By the mid‑1990's, the new "heroin chic" movement became popular amongst New York and London editorial clients. While the heroin chic movement was inspired by model Jaime King, who suffered from a heroin addiction, it was Kate Moss who became its poster child through her ads for Calvin Klein. In spite of the heroin chic movement, model Claudia Schiffer earned $12 million. With the popularity of lingerie retailer Victoria's Secret, and the Sports Illustrated Swimsuit Issue, there was a need for healthier-looking supermodels such as Tyra Banks and Heidi Klum to meet commercial modelling demand. The mid‑1990's also saw many Asian countries establishing modelling agencies.
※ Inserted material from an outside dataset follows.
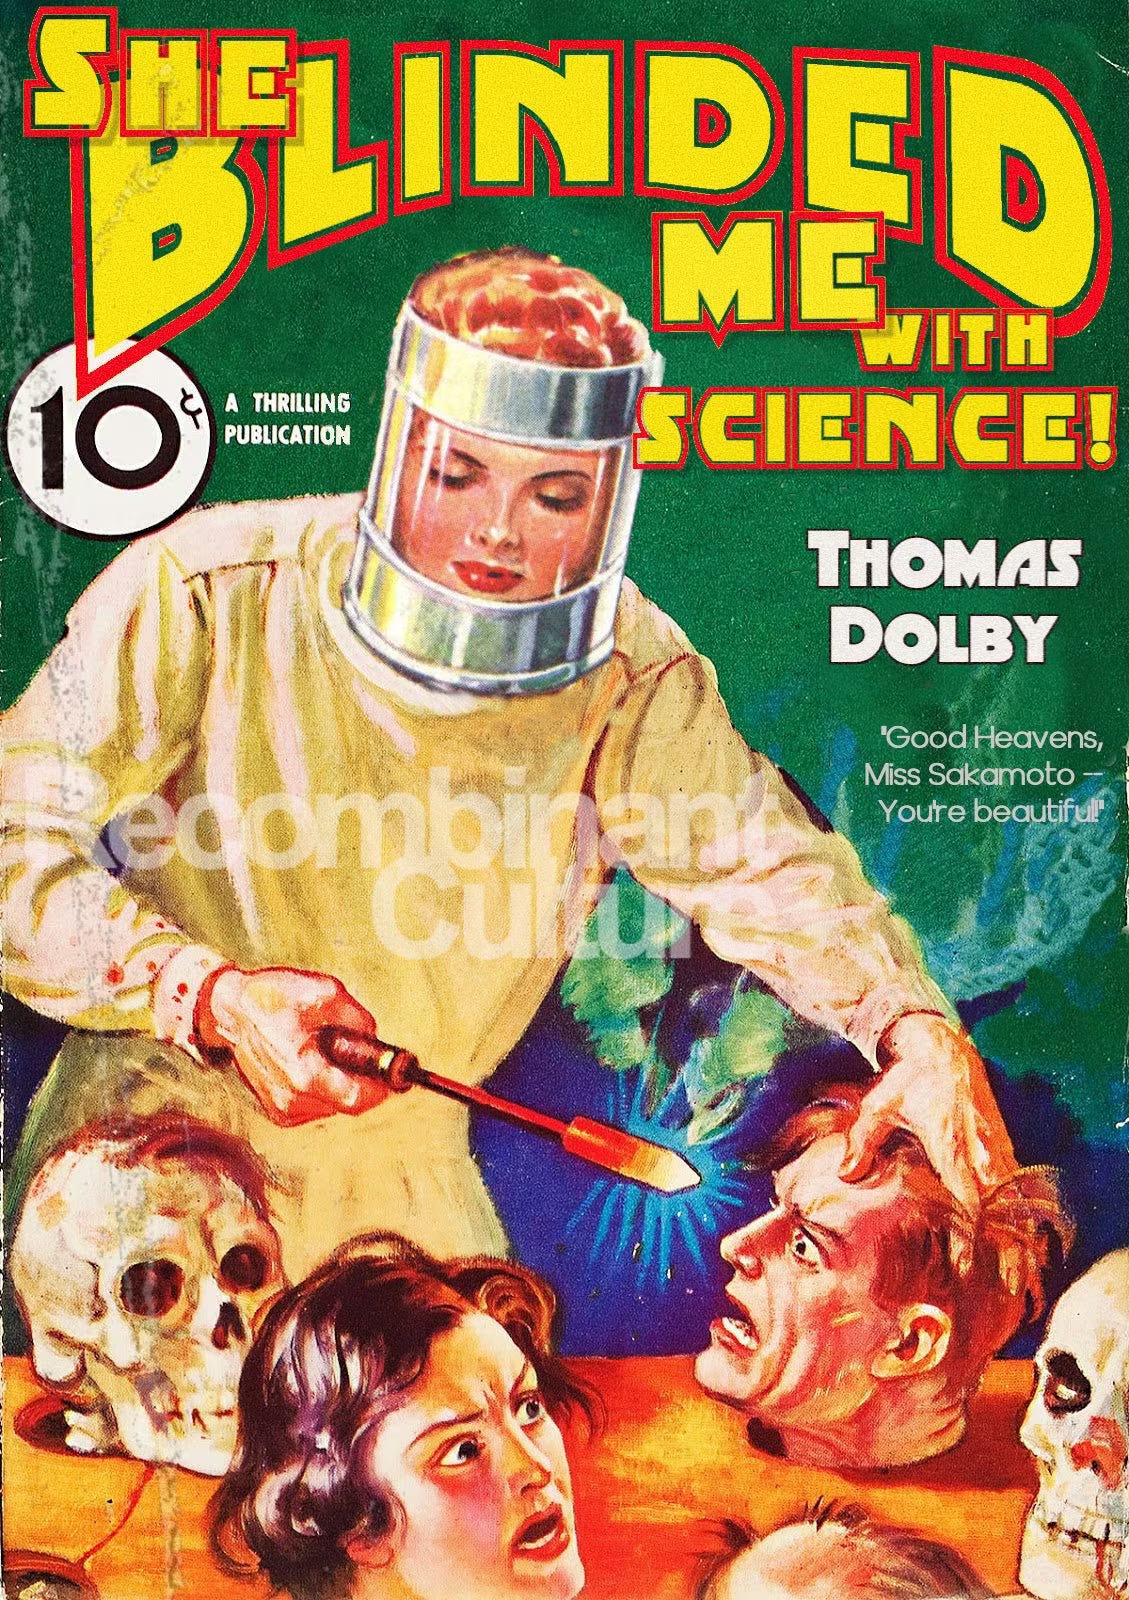 Cover of 1950s pulp novel with title ¨She Blinded Me With Science¨ and author name Thomas Dolby. Image is of lovely redheaded woman in space suit doing scary-looking experiments on human heads.

By the late 1990's, the heroin chic era had run its course. Teen-inspired clothing infiltrated mainstream fashion, teen pop music was on the rise, and artists such as Britney Spears and Christina Aguilera popularized pleather and bare midriffs. As fashion changed to a more youthful demographic, the models who rose to fame had to be sexier for the digital age. Following Gisele Bundchen's breakthrough, a wave of Brazilian models including Adriana Lima, Alessandra Ambrosio, and Ana Beatriz Barros rose to fame on runways and became popular in commercial modelling throughout the 2000's. Some attribute this to decisions by magazines to replace models with celebrities their covers.
In the late 2000's, the Brazilians fell out of favor on the runways. Editorial clients were favoring models with a china-doll or alien look to them, such as Gemma Ward and Lily Cole. During the 2000's, Ford Models and NEXT Model Management were engaged in a legal battle, with each agency alleging that the other was stealing its models.
However, the biggest controversy of the 2000's was the health of high-fashion models participating in fashion week. While the health of models had been a concern since the 1970's, there were several high-profile news stories surrounding the deaths of young fashion models due to eating disorders and drug abuse. The British Fashion Council subsequently asked designers to sign a contract stating they would not use models under the age of sixteen. On March 3, 2012, Vogue banned models under the age of sixteen as well as models who appeared to have an eating disorder. Similarly, other countries placed bans on unhealthy, and underage models, including Spain, Italy, and Israel, which all enacted a minimum body mass index (BMI) requirement.
The often thin shape of many fashion models has been criticized for warping girls' body image and encouraging eating disorders. Organizers of a fashion show in Madrid in September 2006 turned away models who were judged to be underweight by medical personnel who were on hand. In February 2007, six months after her sister, Luisel Ramos, also a model, died, Uruguayan model Eliana Ramos became the third fashion model to die of malnutrition in six months. The second victim was Ana Carolina Reston. Luisel Ramos died of heart failure caused by anorexia nervosa just after stepping off the catwalk. In 2015, France passed a law requiring models to be declared healthy by a doctor in order to participate in fashion shows. The law also requires re-touched images to be marked as such in magazines.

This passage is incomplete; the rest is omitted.